Nerivec commented 1 month ago

Can you let it run for a few hours, then try to update a device again (if you have another that you can)?

The max firmware "working" would point to the adapter not being able to get rid of messages (from z2m or from network) fast enough with previous firmware (max has larger limits on that). The presence sensor likely doesn't help, but it shouldn't be a "deal breaker", as long as the rest of the network is more tamed. Either that or the flashing/hard-restart did the adapter some good.

A few options:

CrazyCoder commented 1 month ago

@Nerivec Thanks! Since previously I could cause the adapter to restart right away, I don't think running for a few hours would change anything. I updated a couple more bulbs, and there are three more remaining. Will try updating them later just in case.

jvuotila commented 1 month ago

Same problem here with SkyConnect. Crashing 2-4 times before one firmware update is complete. And I got 18 devices to update. Will take several days...

CrazyCoder commented 1 month ago

With 8.0.1.0 controller firmware I was able to update all the bulbs without crashing. Even updating two at the same time worked.

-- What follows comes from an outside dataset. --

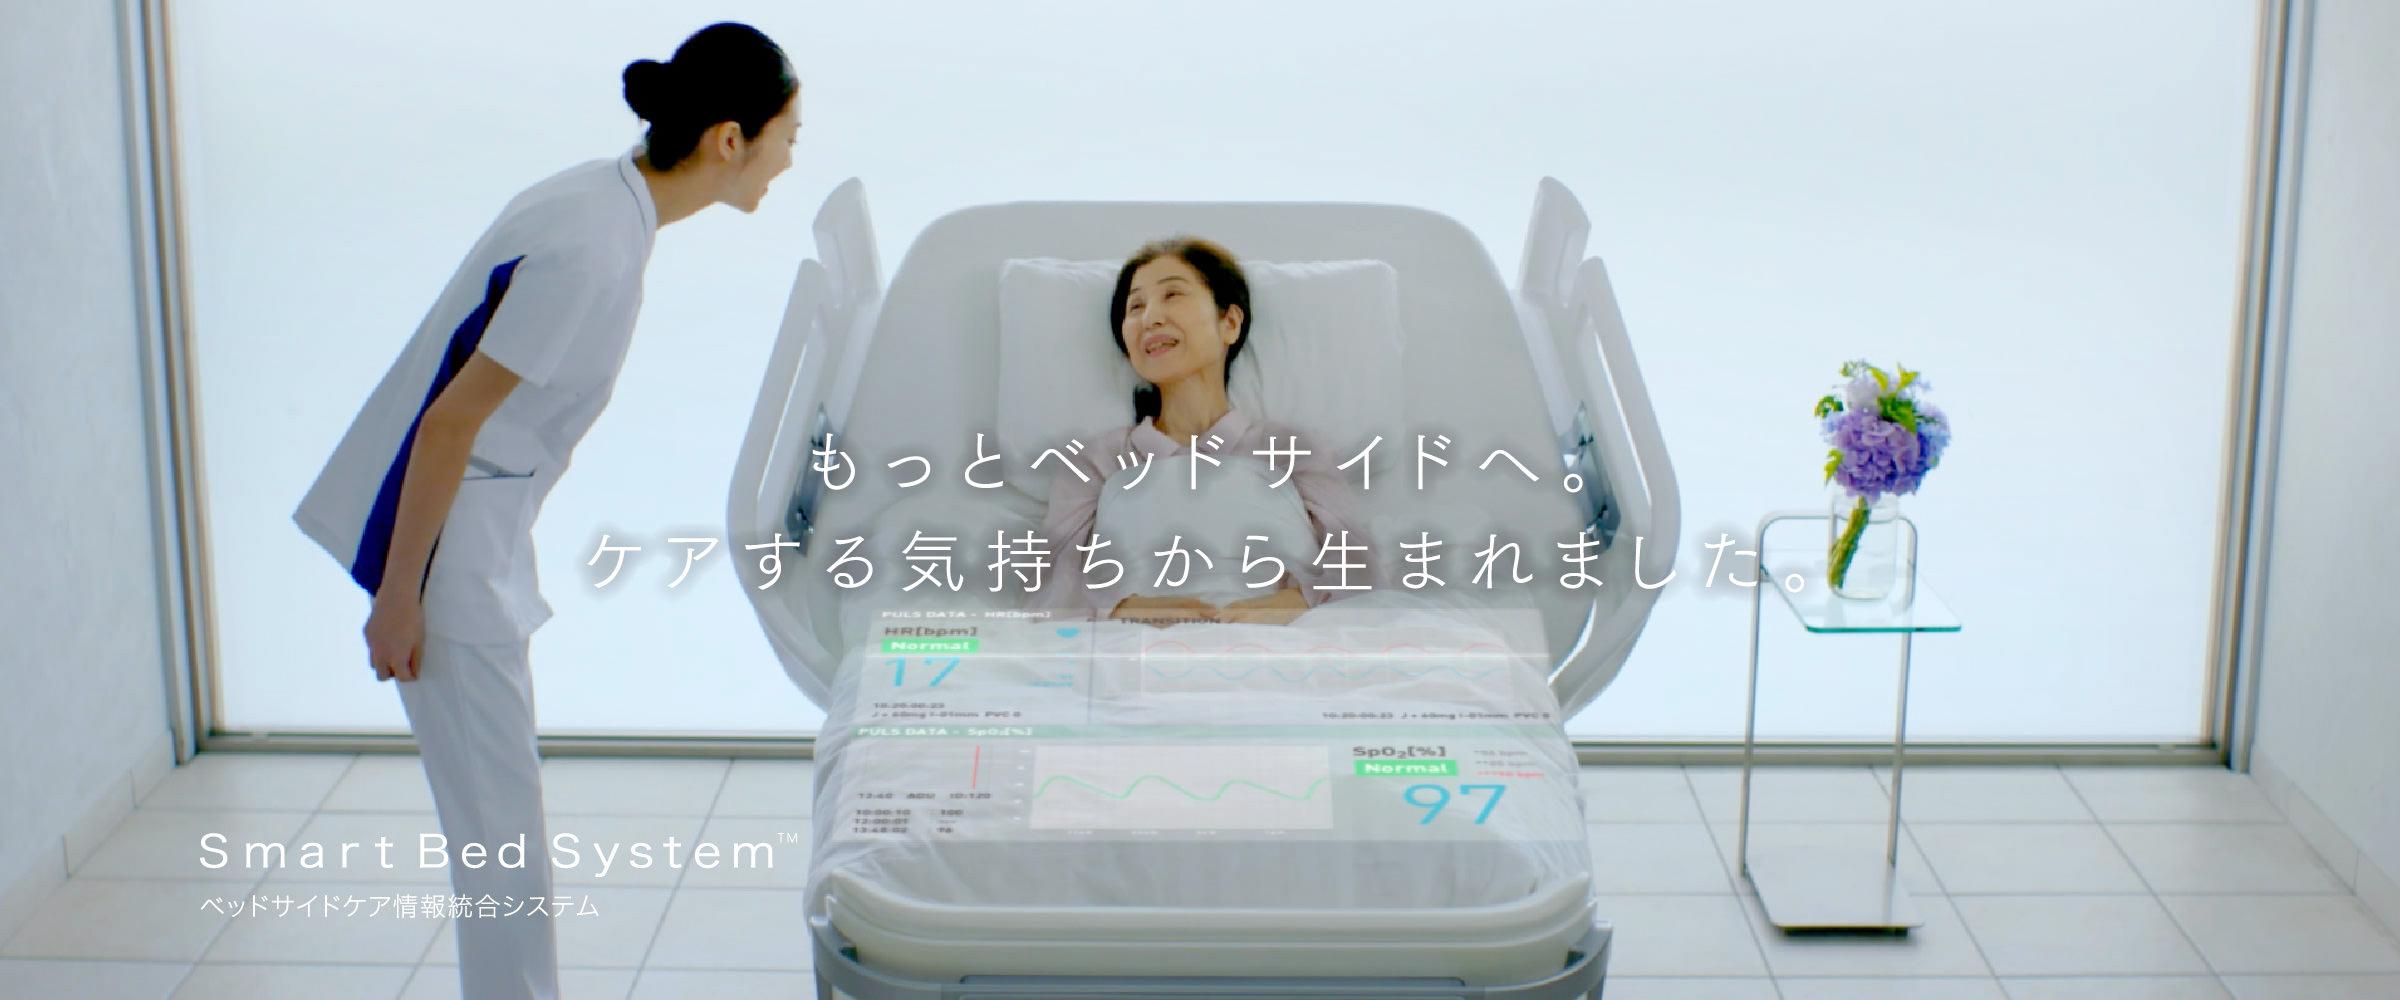 【 組込み系エンジニア 】

Nerivec commented 1 month ago

@jvuotila There's a "max" firmware for skyconnect in the link above too, if you want to give that one a try.

For reference, could you guys list the following for your respective networks:

CC: @darkxst

jvuotila commented 1 month ago

For reference, could you guys list the following for your respective networks:

  • Number of end devices
  • Number of routers

End devices: 93 Routers: 49

CrazyCoder commented 1 month ago

@Nerivec 56 devices total, 4 standalone routers (Custom devices (DiY) ti.router) + 18 other routers.

jvuotila commented 1 month ago

@jvuotila There's a "max" firmware for skyconnect in the link above too, if you want to give that one a try.

@Nerivec I have Silicon Labs firmware 7.4.3.0 (ncp-uart-hw-v7.4.3.0-skyconnect-115200.gbl). Seems to be totally different firmware than behind that link. Is this wrong version?

Nerivec commented 1 month ago

@jvuotila This one (extract archive to get the GBL file) is roughly the equivalent of the NabuCasa but with version 8.0.1 and higher configs. 8.0.1 is still "in testing", regular builders have not made that version available yet. You can revert back to 7.4.3 after you are done testing/updating devices if you prefer. You can flash it with https://github.com/Nerivec/ember-zli or https://github.com/NabuCasa/universal-silabs-flasher

jvuotila commented 1 month ago

@Nerivec Thanks, I flashed my coordinator. But I already managed to run all the updates thru earlier today. But now I got different firmware and let's see how it goes with it later.

iaincaradoc commented 1 month ago

Flashed my USB Skyconnect to 8.0.1 max, and disconnected the presence detector.

No change in behavior.

jvuotila commented 1 week ago

@Nerivec now I got new OTA updates and everything seems to work fine. So that firmware seems to be fine for me.